Final Summary: Complete Article Takeaways
- ICBMs are strategic, long-range missiles critical to nuclear deterrence.
- Pakistan lacks ICBMs, but U.S. fears about its intentions have caused alarm.
- India, China, and Israel already possess or are developing advanced ICBM systems.
- Missile types include ballistic, cruise, hypersonic, each with different ranges and technologies.
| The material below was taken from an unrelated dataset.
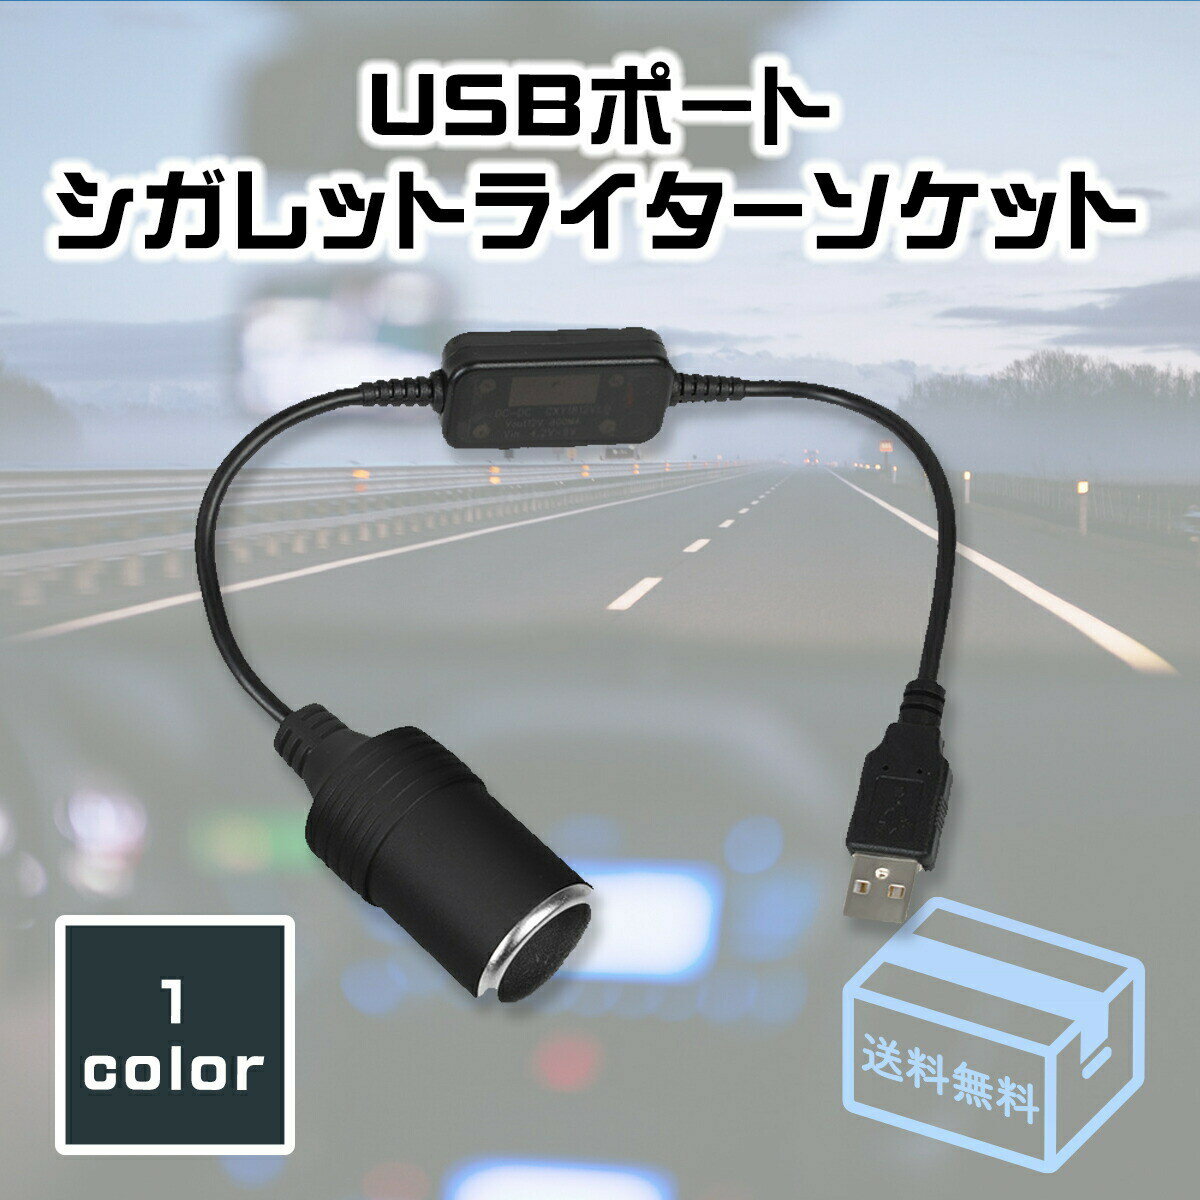 【送料無料】シガーソケット USBポート シガレットライター ソケット 変換アダプター アダプタコード USB用変換器 US…
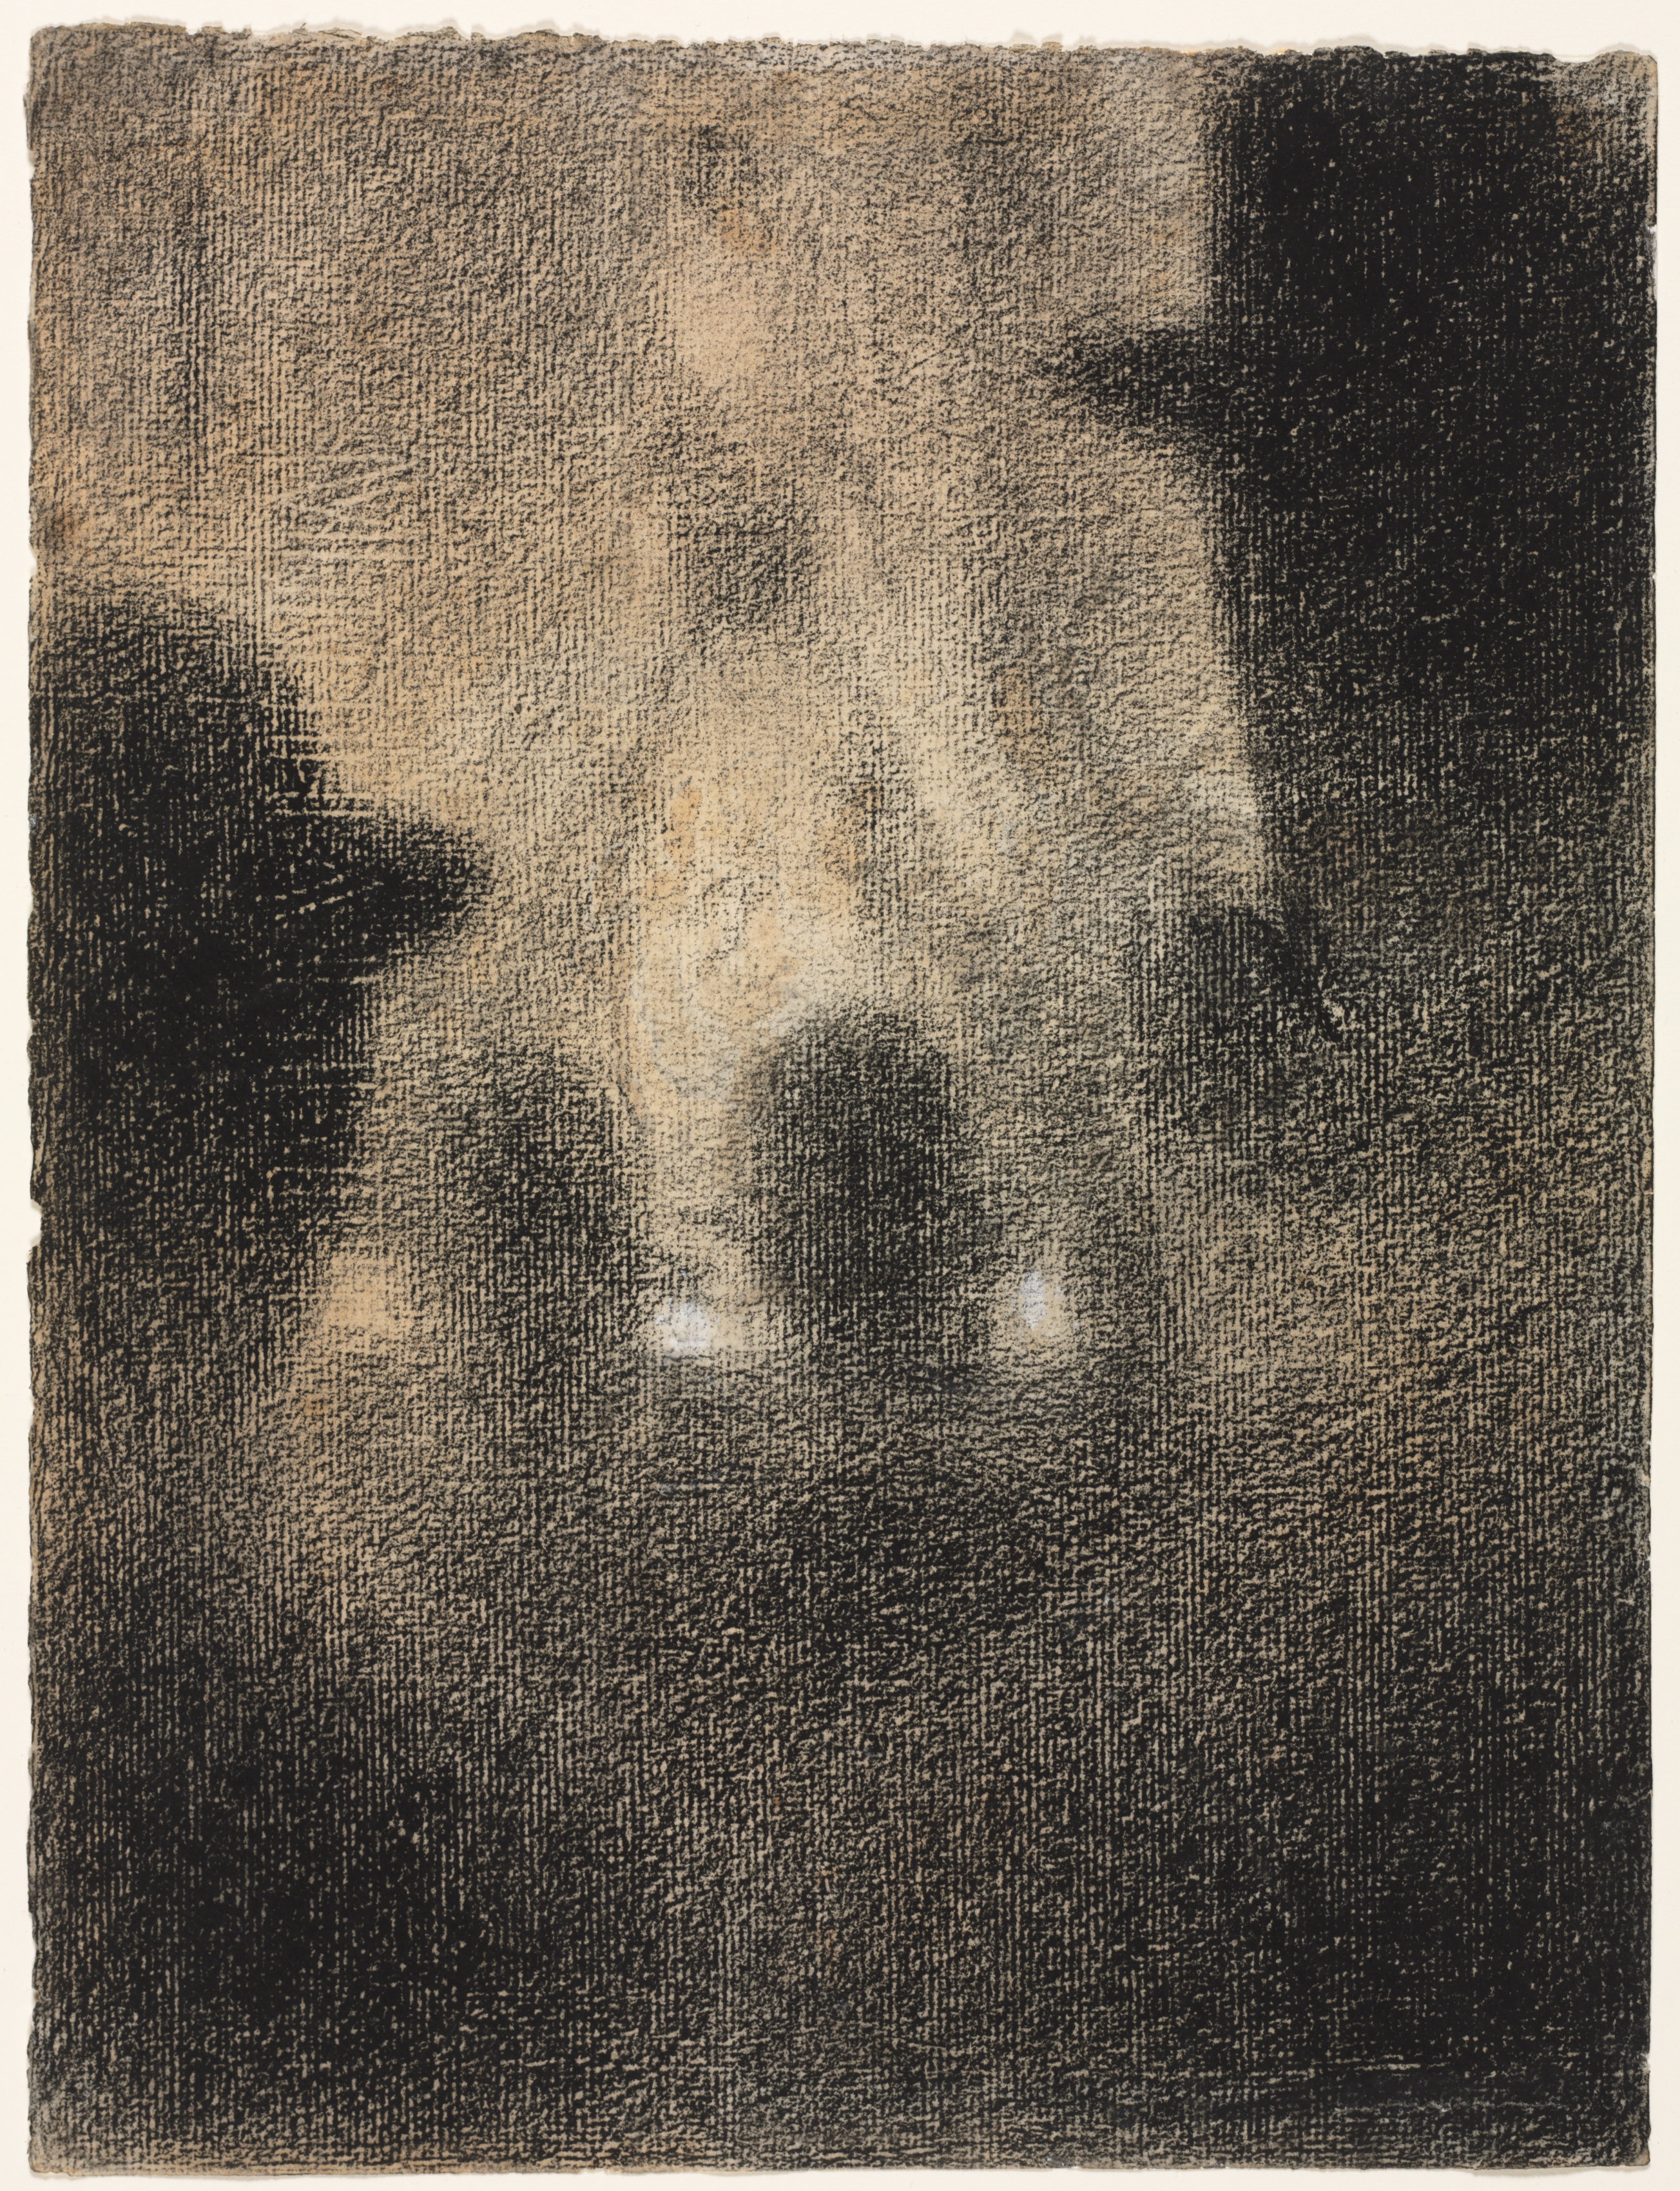 咖啡廳音樂會 by 喬治 秀拉 - 1887-88 年 - 31.4 x 23.6 厘米

- Comparative missile doctrine shows varying postures from NFU (India, China) to tactical first use (Pakistan).
- Missile defense systems are becoming more advanced but may still be overwhelmed by MIRVs or HGVs.
- Regional conflicts involving missiles remain a key threat to global stability.
- Treaties are failing, and new global cooperation is necessary to manage escalation risks.
- Social media trends in Pakistan on ICBMs reflect deep anxieties post-India strikes and U.S. intelligence leaks.
- Strategic planning in 2025 must consider missile threat realism, defense readiness, and global diplomacy.